We can take a look at what these variables look like for our event:

In [13]:
print('n electrons ',n_electrons_fromtaus[evtid])
print('n muons ',n_muons_fromtaus[evtid])

n electrons  0
n muons  0


In [14]:
# now let's pick the visible gen taus
tau_visible = events.GenVisTau
n_visibletaus = ak.sum(tau_visible.pt>0,axis=1)
print('n visible taus',n_visibletaus[evtid])

n visible taus 2


In [16]:
# we can distinguish the tau-tau decay by:
# 1: had - had: 2 visible taus, 0 electrons 0 muons
# 8: ele - had: 1 visible tau, 1 electron 0 muons
# 10: muon - had: 1 visible tau, 1 muon 0 electrons

htt_flavor = (n_visibletaus==2)*1 + (n_visibletaus==1)*3 + (n_electrons_fromtaus==1)*5 & (n_muons_fromtaus==1)*7

In [17]:
htt_flavor[evtid]

1

Now, we also need to guarantee that both of the taus are inside of the jet cone

In [18]:
# since our jet has a cone size of 0.8, we use 0.8 as a dR threshold
matchedH = candidatefj.nearest(higgs, axis=1, threshold=0.8)

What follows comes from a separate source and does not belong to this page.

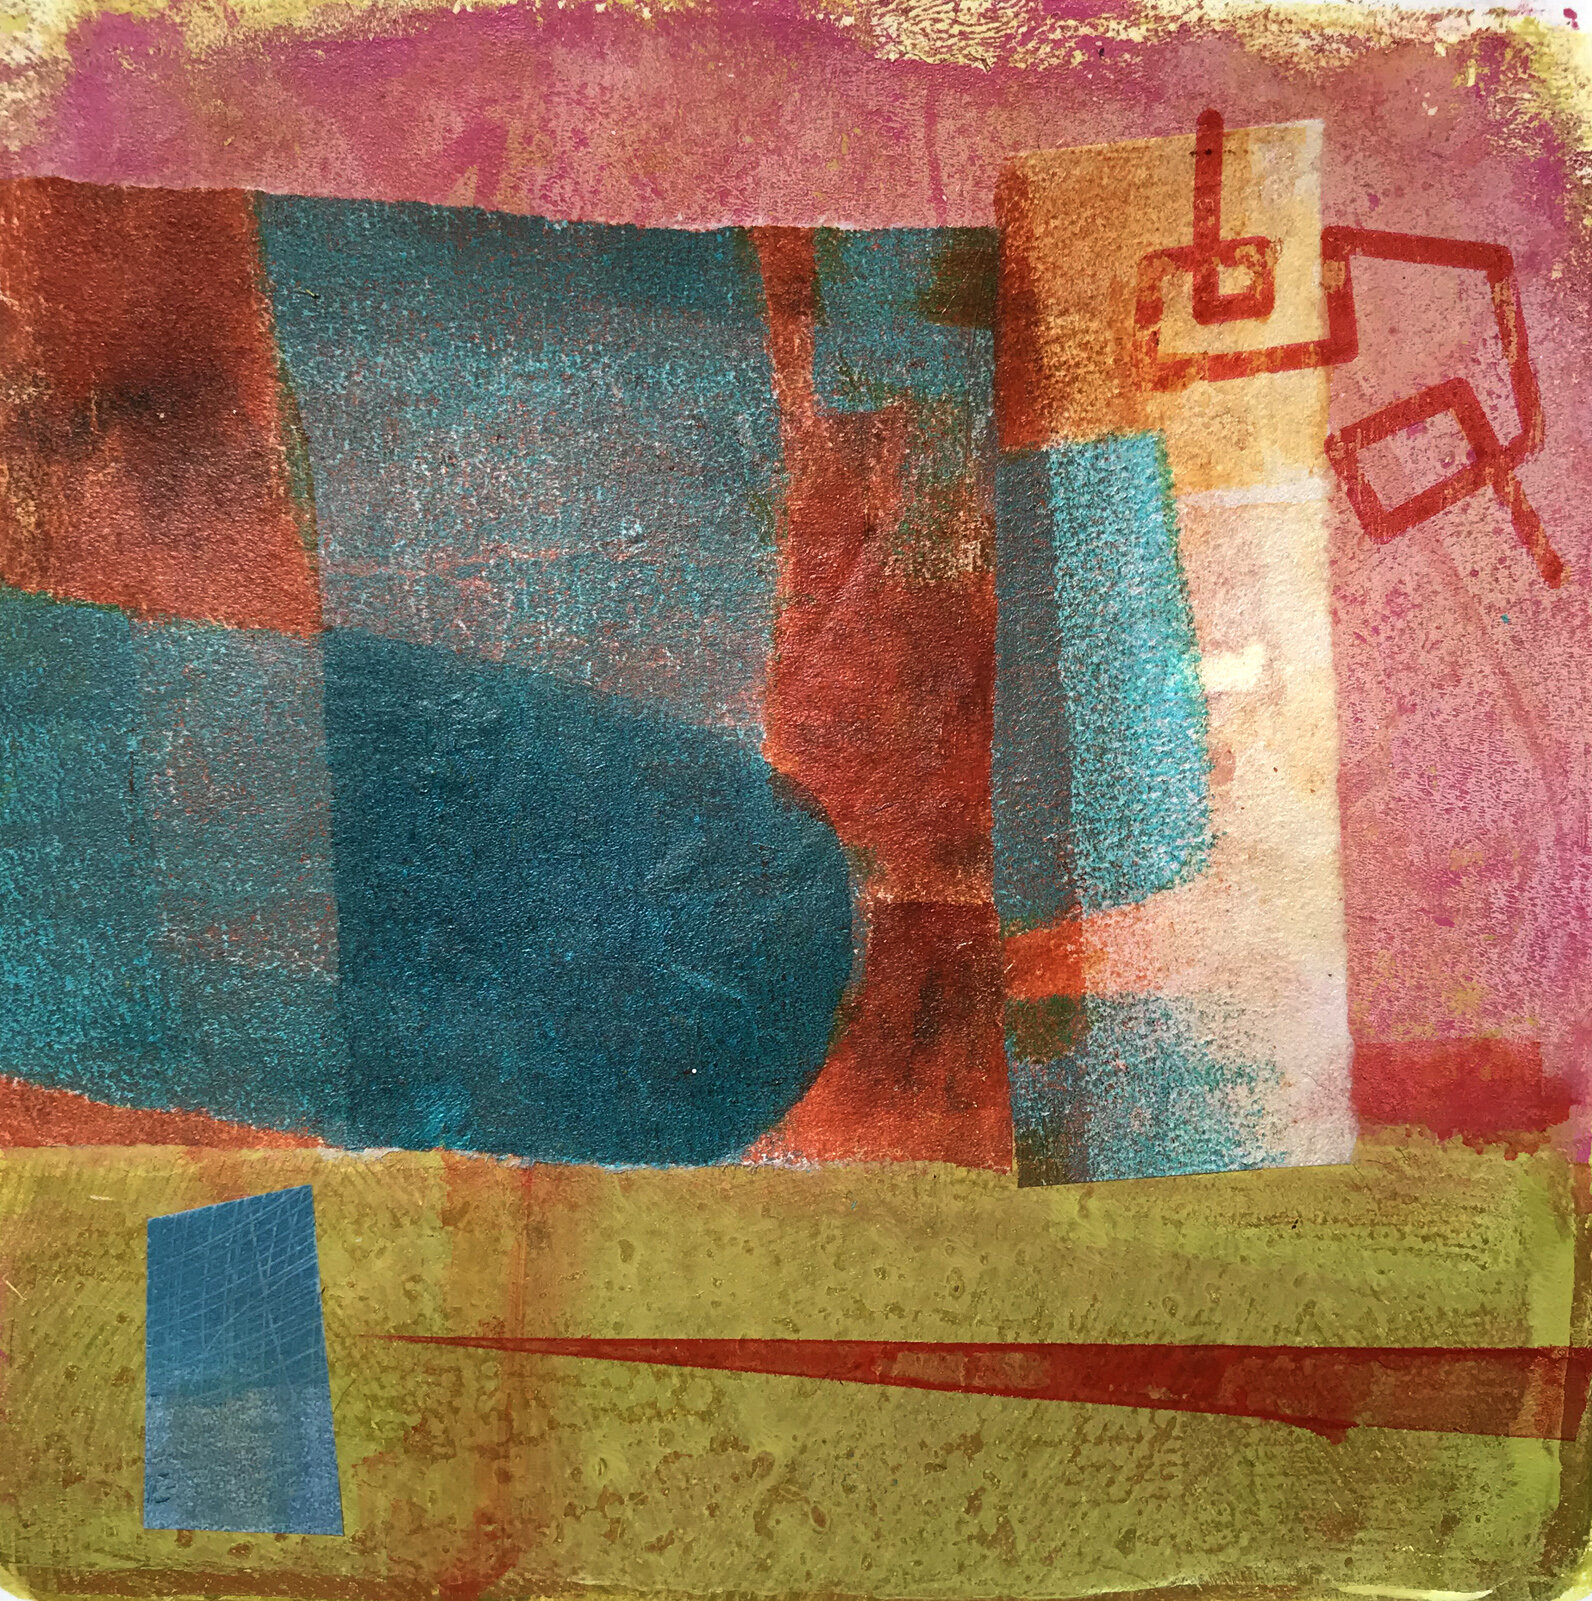   Object Thoughts 6,  monoprint, collage, 13 x 13 inches 
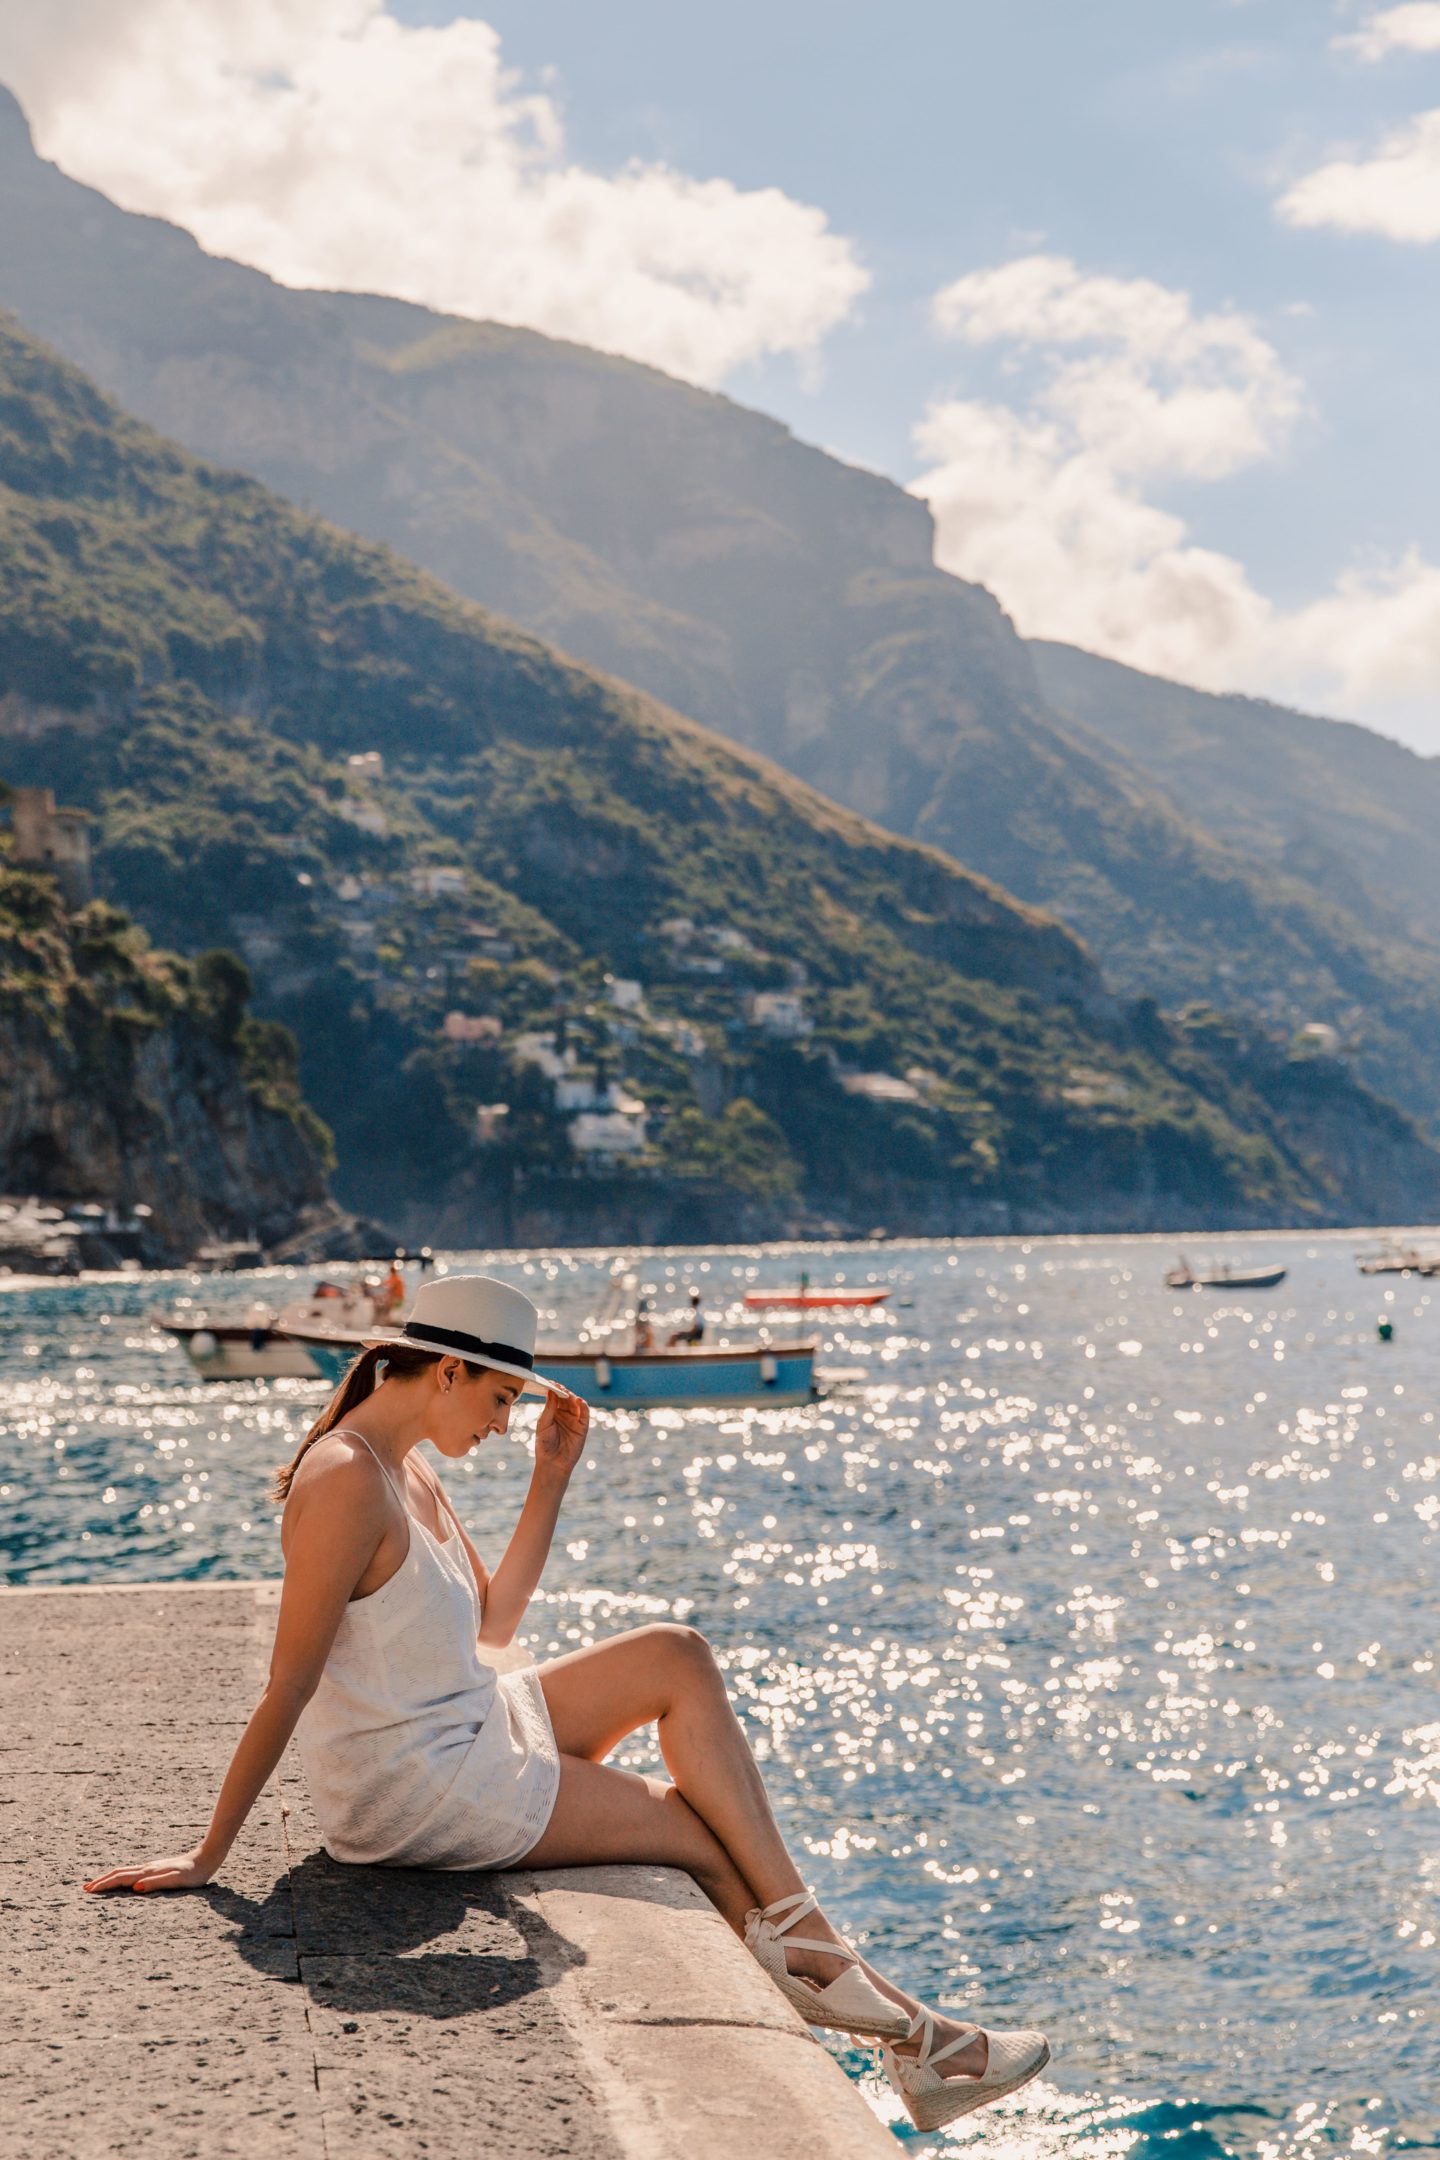 The Best Positano Instagram Shots | 12 Beautiful Shots You Can't Miss: The Marina

dr_fj_visibletaus = candidatefj.delta_r(tau_visible)
dr_fj_electrons = candidatefj.delta_r(fromtau_electron)
dr_fj_muons = candidatefj.delta_r(fromtau_muon)

dr_daughters = ak.concatenate([dr_fj_visibletaus,dr_fj_electrons,dr_fj_muons],axis=1)

Let's see how these arrays look for our event:

In [19]:
print('dr taus ',dr_fj_visibletaus[evtid])
print('dr electrons ',dr_fj_electrons[evtid])
print('dr muons ',dr_fj_muons[evtid])
print('dr daus ',dr_daughters[evtid])
print('number of daus matched ',ak.sum(dr_daughters<0.8,axis=1)[evtid])

dr taus  [0.219, 0.642]
dr electrons  []
dr muons  []
dr daus  [0.219, 0.642]
number of daus matched  2


Finally let's define a last matching condition indicating the number of visible daughters it is matched to:

In [21]:
htt_nprongs = ak.sum(dr_daughters<0.8,axis=1)

In [22]:
htt_nprongs[evtid]

2

Now let's define a function you can use in the processor

In [24]:
def match_Htt(genparticles,candidatefj):
    higgs = getParticles(genparticles,25)
    is_htt = ak.all(abs(higgs.children.pdgId)==15,axis=2)

    higgs = higgs[is_htt]
    
    fromtau_electron = getParticles(events.GenPart,11,11,['isDirectTauDecayProduct'])
    fromtau_muon = getParticles(events.GenPart,13,13,['isDirectTauDecayProduct'])
    tau_visible = events.GenVisTau
    
    n_visibletaus = ak.sum(tau_visible.pt>0,axis=1)
    n_electrons_fromtaus = ak.sum(fromtau_electron.pt>0,axis=1)
    n_muons_fromtaus = ak.sum(fromtau_muon.pt>0,axis=1)
    # 3(elenuqq),6(munuqq),8(taunuqq)
    htt_flavor = (n_quarks==2)*1 + (n_electrons==1)*3 + (n_muons==1)*5 + (n_taus==1)*7

    matchedH = candidatefj.nearest(higgs, axis=1, threshold=0.8)
    dr_fj_visibletaus = candidatefj.delta_r(tau_visible)
    dr_fj_electrons = candidatefj.delta_r(fromtau_electron)
    dr_fj_muons = candidatefj.delta_r(fromtau_muon)
    dr_daughters = ak.concatenate([dr_fj_visibletaus,dr_fj_electrons,dr_fj_muons],axis=1)
    # 1 (H only), 4 (H and one tau/electron or muon from tau), 5 (H and 2 taus/ele)
    htt_matched = (ak.sum(matchedH.pt>0,axis=1)==1)*1 + (ak.sum(dr_daughters<0.8,axis=1)==1)*3 + (ak.sum(dr_daughters<0.8,axis=1)==2)*5 
    
    return htt_flavor,htt_matched